Abstract
This is a protocol for a Cochrane Review (Intervention). The objectives are as follows:
To determine the effectiveness of Vitex agnus castus for the treatment of PMS symptoms.
We wish to examine the following: (1) The effect of Vitex agnus castus on combined symptoms or global scores associated with PMS versus placebo. (2) The effect of Vitex agnus castus on combined symptoms or global scores associated with PMS versus another treatment (listed below). (3) The effect of Vitex agnus castus on patient satisfaction versus placebo. (4) The effect of Vitex agnus castus on patient satisfaction versus another treatment. (5) The effect of Vitex agnus castus on specific symptoms associated with PMS versus placebo. (6) The effect of Vitex agnus castus on specific symptoms associated with PMS versus another treatment. (7) The adverse effects of Vitex agnus castus.
Background
Premenstrual syndrome (PMS) is a common condition.
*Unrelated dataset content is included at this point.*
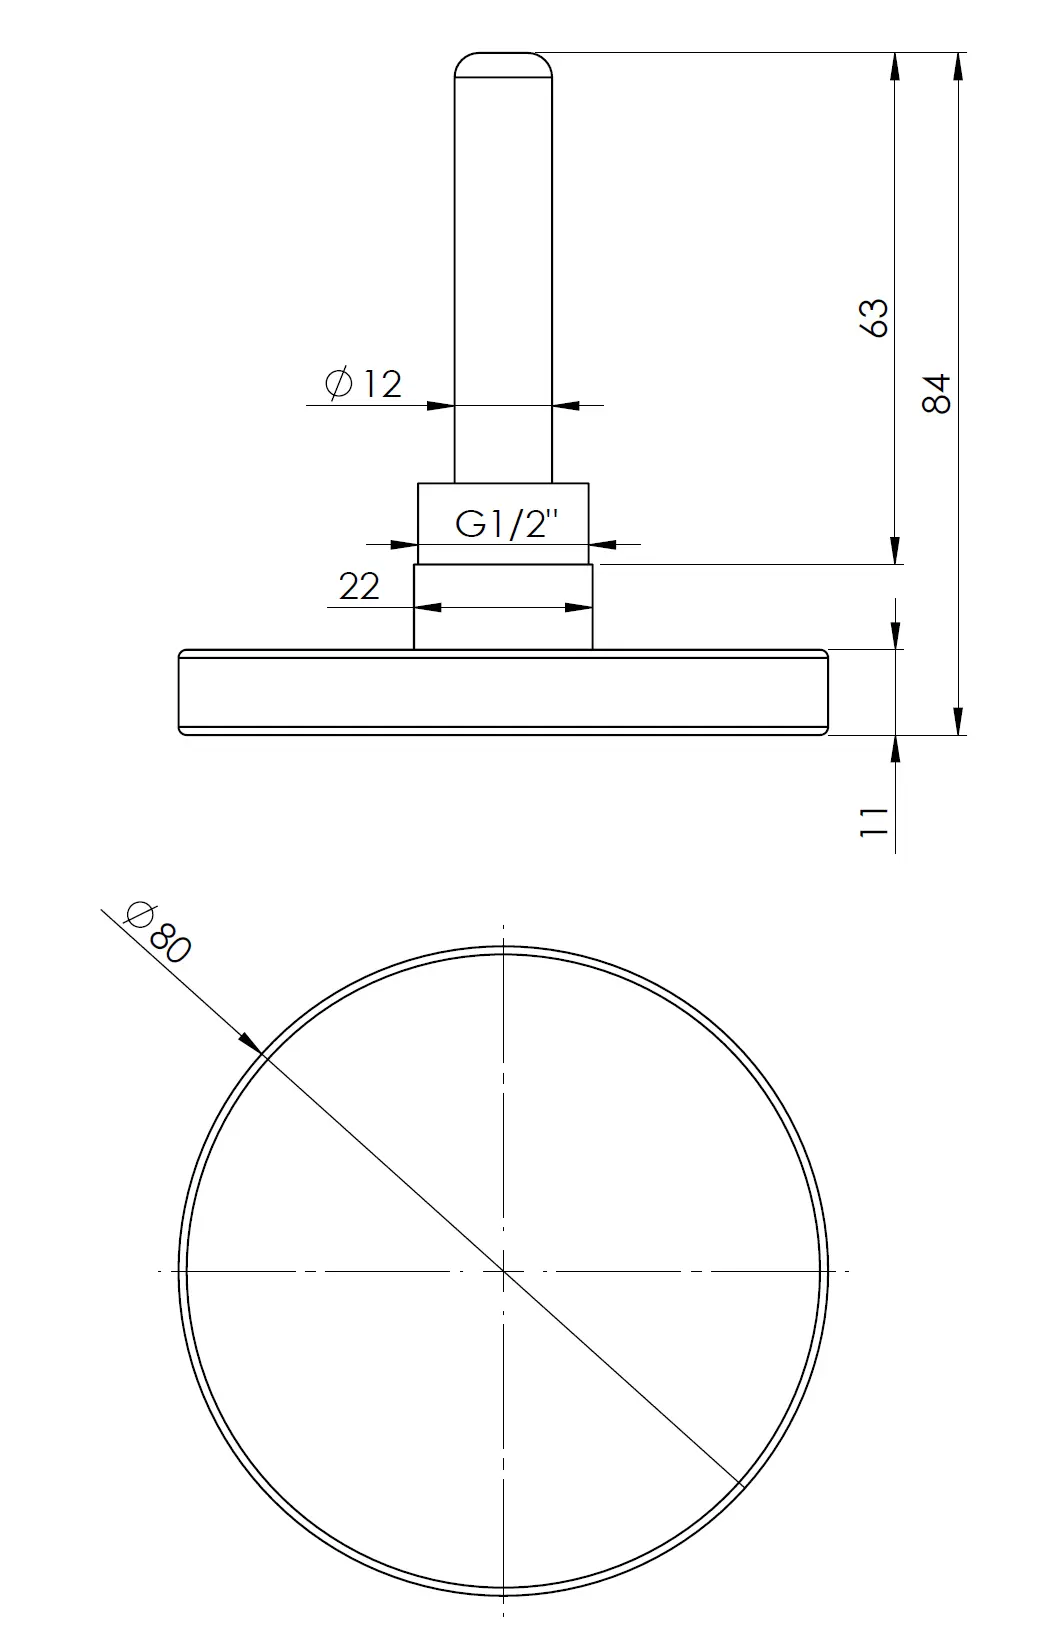 Termometr bimetaliczny BiTh 80, fi80 mm, -20÷60°C, L 63 mm, G1/2", ax, kl. 2 - budowa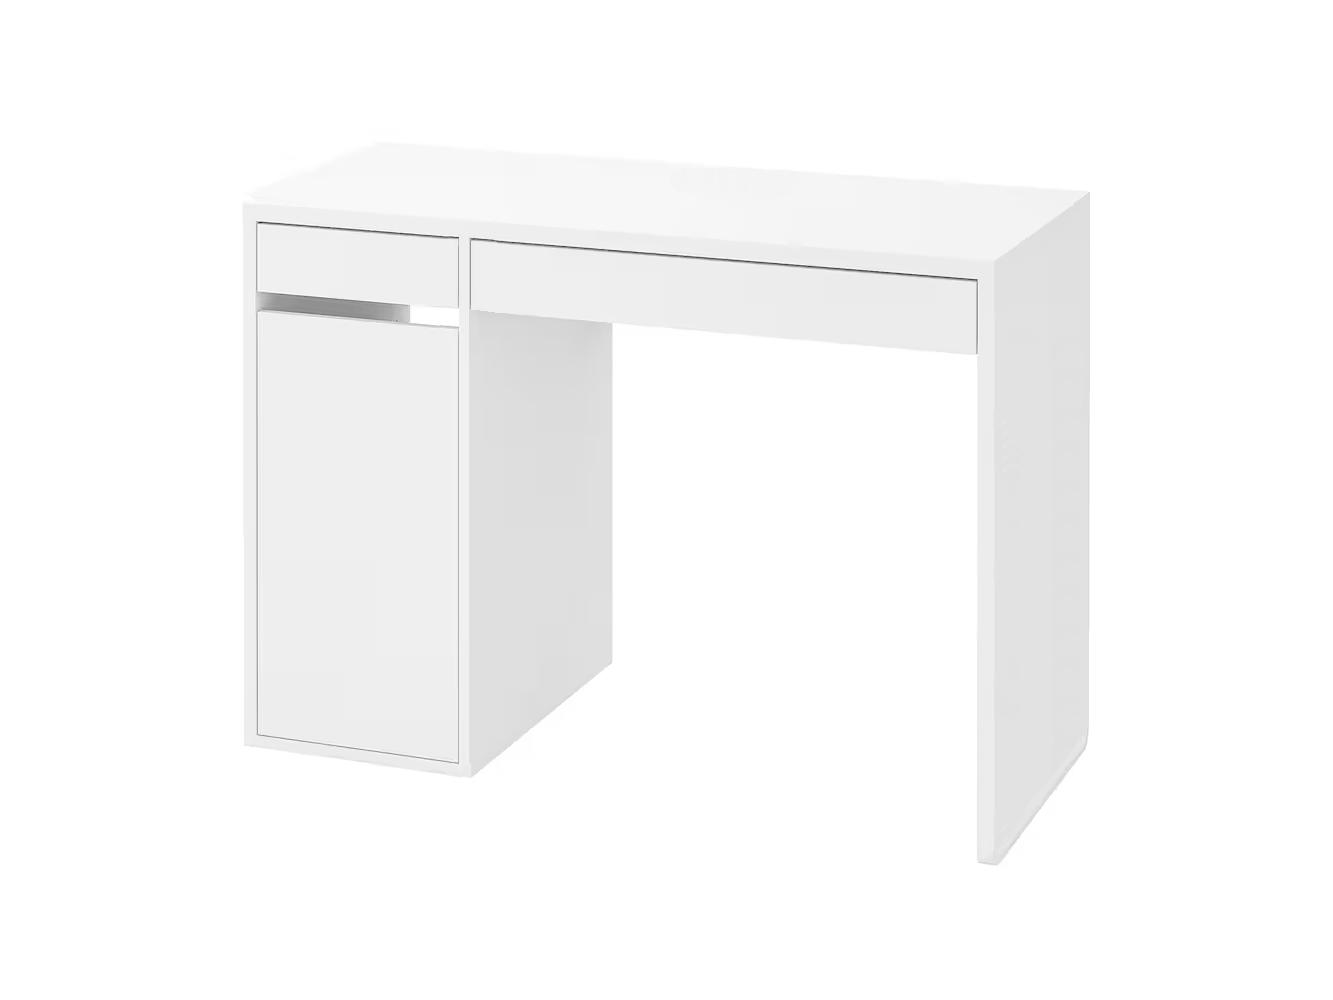 Письменный стол Мике 14 white ИКЕА (IKEA) изображение товара

In the United Kingdom (UK), it is estimated that up to 1.5 million women experience significant, disruptive symptoms (Wyatt 2001). PMS is defined as the cyclical recurrence of psychological, behavioural or physical symptoms during the luteal phase of the menstrual cycle. The symptoms should resolve completely by the end of menstruation and women should be free of symptoms for at least one week between menstruation and ovulation (O'Brien 1997). Over 150 symptoms have been attributed to PMS. Common symptoms include breast pain (cyclical mastalgia), headache, backache, lack of energy, clumsiness, tension, anxiety, irritability, depression, food cravings, bloating and changes to sex drive. For diagnosis, the nature of the symptoms is less important than the timing of the symptoms, particularly the resolution of the symptoms by the end of menstruation (O'Brien 1997). If the timing of symptoms in relation to menstruation is not established, PMS can be confused with other conditions such as anxiety and depression and may be misdiagnosed or mistreated (Gardner 1998). It is estimated that up to 95% of women of reproductive age suffer mild 'physiological' premenstrual symptoms. In the majority, these are tolerated and there is no interference with normal functioning (O'Brien 1998). Five to ten per cent have 'pathological' symptoms severe enough to disrupt their lives significantly in the two weeks before menstruation, justifying the term PMS (O'Brien 1993). The term premenstrual dysphoric disorder (PMDD) describes a subgroup of women using stringent diagnostic criteria, emphasising the severity and associated major disruption to life and relationships caused by PMS (DSM IV 1994). It must be confirmed prospectively by means of daily diary ratings of symptoms over at least two consecutive cycles.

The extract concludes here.